Abuse of women and children

In a predominant war-mongering mood, and under circumstances of a total collapse of old set of values, families and morals started breaking apart. At the conference "Child Abuse and the Media"organised by the Yugoslav Centre for the Rights of the Child, Institute for Mental Health" and the Belgrade office of UNICEF terrifying facts and figures on the child abuse were made public (Glas javnosti, 3 December 2000). Child abuse counselling services were set up in 1996. Since then this organisation received 3,000 appeals or complaints of abused women and children every year. Moreover 30% of those distress calls are repeated. The conference analysed the child abuse phenomenon, its features and extent and protection of children.

A whole range of inhumane relations, like neglect, abuse, torture and other forms of violence, is characteristic of the Serbian society. Most common is the psychological abuse of children at home and in kindergartens for the sake of their alleged "disciplining." Many participants stressed that contrary to popular belief, mothers, notably single mothers, and not fathers, are often ill-treating their children.

Although in Serbia a more massive occurrence of the child prostitution was not registered, the child pornography related to paedophilia is on the rise. But such problems in both the tradition-minded and amoral Serbia are glossed over. Society often fails to react to such phenomena by ignoring the problem, passively accepting it or 'transferring' it to 'others...competent bodies.'


4. Overview of social situation

In the past decade the Serbian society was drastically stratified. Research of the Social Sciences Institute indicates the emergence of about 200,000 extremely wealthy people. On the other hand most recent analysis points to a growth in the number of very poor people and decline in the number of rich people. Besides a large strata of pauperized domicile population, Serbia has to take care of 500,000-700,000 refugees from Croatia and Bosnia and Herzegovina and about 225,000 displaced persons from Kosovo, mostly Serbs, Roma and Muslims. Gordana Matkovic, Labour, Veterans and Social Issues Minister of the Republic of Serbia, stated that the middle class had disappeared, but that a genuine insight into the economic status of the nation cannot be gained because of a bustling "grey economy." Moreover refugee population is not homogenous with respect to its financial status. In order to preserve the social peace the regime turned a blind eye to the obvious growth of the grey economy. Hence there are no data as to the number of people moonlighting on a daily basis.

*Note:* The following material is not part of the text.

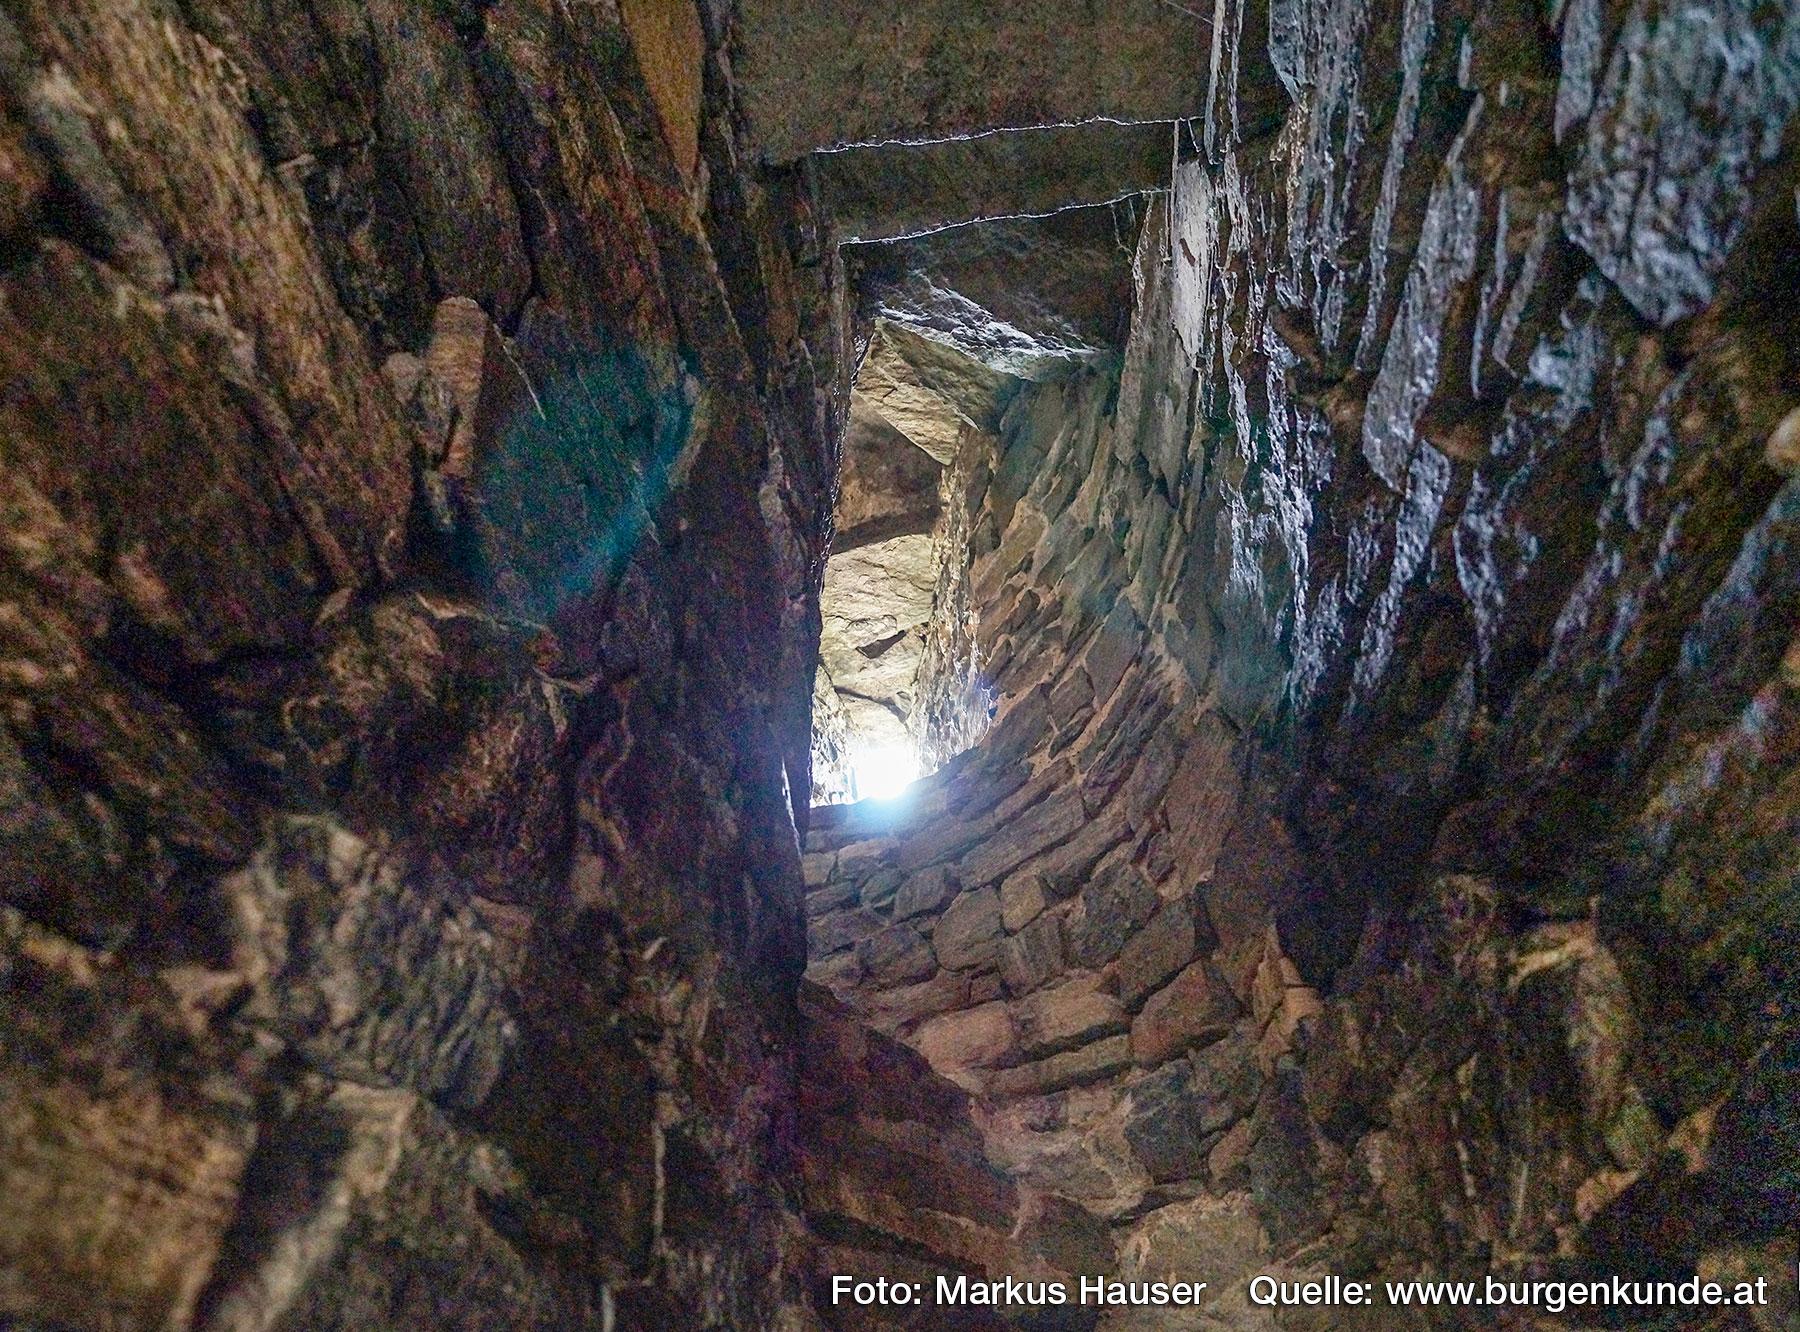 Die teilweise noch romanische Stiegenanlage im Mauerwerk des Turmes. Blick vom Bereich des Hocheinstieges Richtrung aufwärts.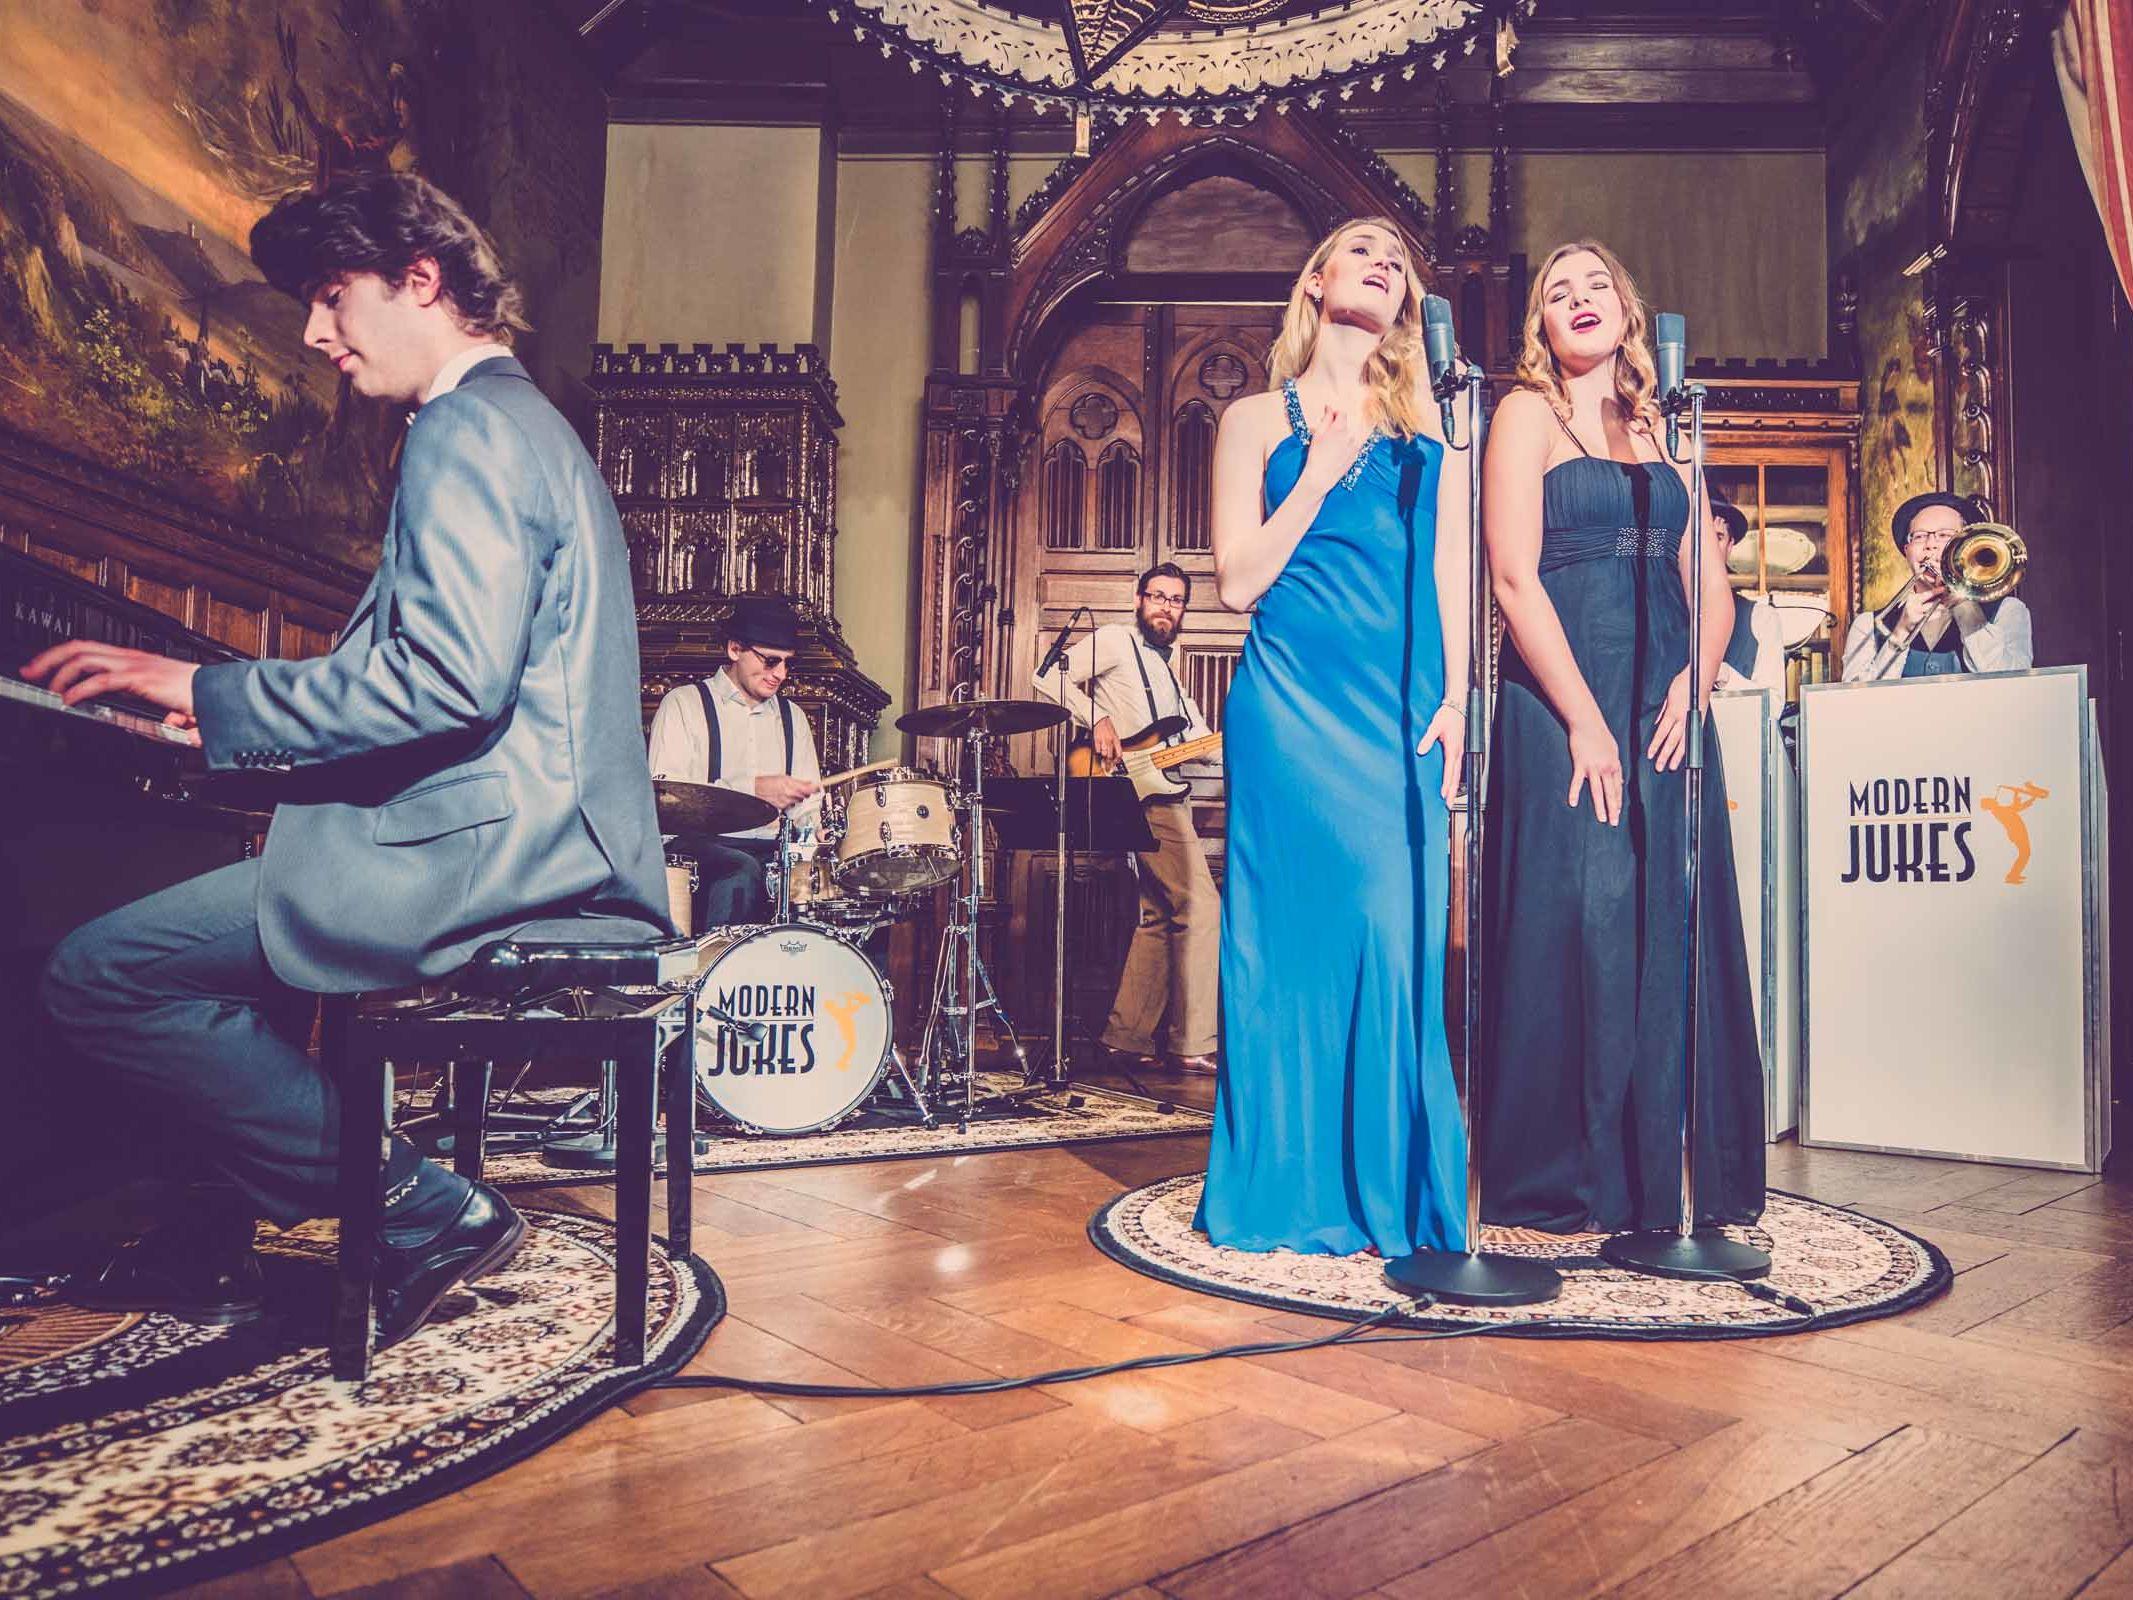 Band | Liveband | Partyband | Jazzband | Hannover | Swingband | Loungemusik | Walking | Act | Brassband | Popband | Jazz | Sänger | Sängerin | Hochzeit | Messe | Firmenfeier | Charity | Gala | Buchen | Mieten | Anfragen

Their "employers" do not pay taxes and contributions for such 'temps.' The Minister maintains that one of the top priorities of the new authorities is stabilisation of system of the social protection.

According to the ICRC information the biggest food distribution program is being implemented in Serbia. Currently 13% of total population of the FRY directly depend on humanitarian aid. Beneficiaries of foreign aid are refugees from Croatia and Bosnia and Herzegovina (360,000), displaced people from Kosovo (200,000) and local population (800,000).Moreover, according to pertinent estimates, the need for such foreign assistance is likely to increase. The ICRC has also established that 33% of population lives under the poverty line, with average pays of DM 80, while 40% of population subsists on less than DM 44 every month.

In the course of 2000 the ICRC, some national Red Cross societies and the Yugoslav Red Cross tried to meet the needs of the most vulnerable social strata through the soup-kitchen program. The number of beneficiaries at one moment reached 100,000 people. In 12 months of the program's implementation 22 million hot meals were prepared in 115 soup kitchens and distributed in 310 locations in Serbia. Today 70,000 people get a meal a day, and 27,000 people in Serbia and 5,000 in Montenegro get lunch packages. The latter have been provided by the World Food Program, since 1 November 2000.

According to the ICRC officials in charge of this program, it is increasingly difficult to determine the poverty line, as a continuing inflation and price hikes generate new indigents every day. Beneficiaries priority lists are drawn up together with the municipal Red Cross organisations and the Social Labour Centres.

It bears mentioning that the ICRC and national Red Cross societies plan to finance soup kitchens in place until June 2001. All the aforementioned organisations are trying hard to facilitate self-financing of soup kitchens, that is their work on a commercial basis, without foreign donations. This in turns means that the Serbian authorities should make efforts to assume responsibility for the most vulnerable groups by actively supporting the revenue-making project of Red Cross soup kitchens.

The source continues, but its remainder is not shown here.